# condor 320 325 df deutsche Bedienungsanleitung



## opus (18. September 2012)

Moin


Habe  ein Echolot _Condor 320  325 df geschenkbekommen aber leider mit Englisher Gebrauchsanweisungnun wollte ich fragen ob einer eine Deutsche __Gebrauchsanweisung  rum liegen  hat und die nicht mehr brauchen tut


mfg mathias  _ 
http://www.boote-forum.de/editpost.php?do=editpost&p=2821907


----------



## JoeMcEnroe (20. September 2012)

*AW: condor 320 325 df deutsche Bedienungsanleitung*

Hab das gleiche Gerät bekommen und muss dich leider entäuschen hab auch nur die Englische Anleitung. Aber man kann sich eigentlich durch das Deutsche Menü und Google schon etwas helfen, da grundsätzliche Funktionen bei gängigeren Modellen mehrmals erklärt werden.


----------



## Floyd (18. März 2013)

*AW: condor 320 325 df deutsche Bedienungsanleitung*

Hallo,habe das gleiche Problem.Bin auf der Suche nach einer dt. Anleitung.Hat die vielleicht schon jemand gefunden?Oder kann sie mir schicken?
Dsanke schonmal
#6


----------



## steini73 (3. November 2013)

*AW: condor 320 325 df deutsche Bedienungsanleitung*

Hallo Leute

Habt ihr vieleich ein Paar erfahrungen zu dem condor echolot??  kann ich es mit nach Norge nehmen und komme ich damit 250 tief im Salzwasser?


----------



## kayn (15. November 2013)

*AW: condor 320 325 df deutsche Bedienungsanleitung*

... habe das 345df und was Tiefen betrifft ist es wirklich ok ... 300-400m hat es mir angezeigt ... 
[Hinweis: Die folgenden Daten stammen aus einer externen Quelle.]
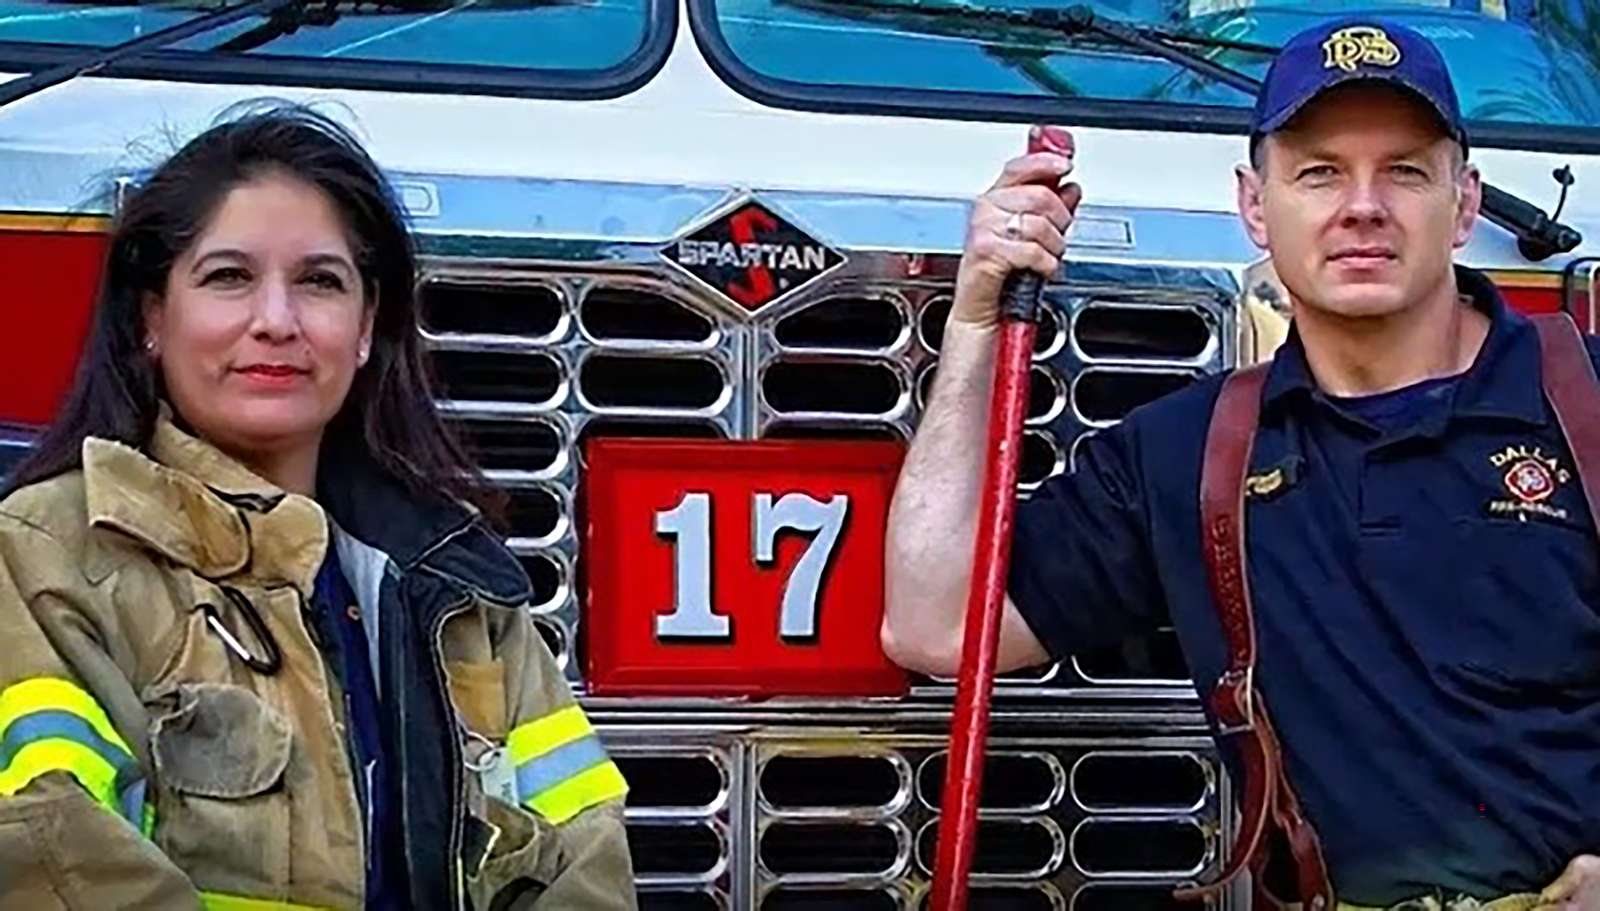 Liz el bombero puzzle online a partir de foto

leider ist die Echoanzeige sehr dürftig wenn man keine Fischsymbole nutzt. Man sieht nur sehr kleine Punkte und fragt sich manchmal ob das wirklich Fische sein sollen ...

Ich habe es sehr günstig gekauft ... daher ist es ok. Ein Neukauf käme aber nicht in Frage ... da würde ich in der 350 € Klasse eher auf Huminbird oder so zurück greifen


----------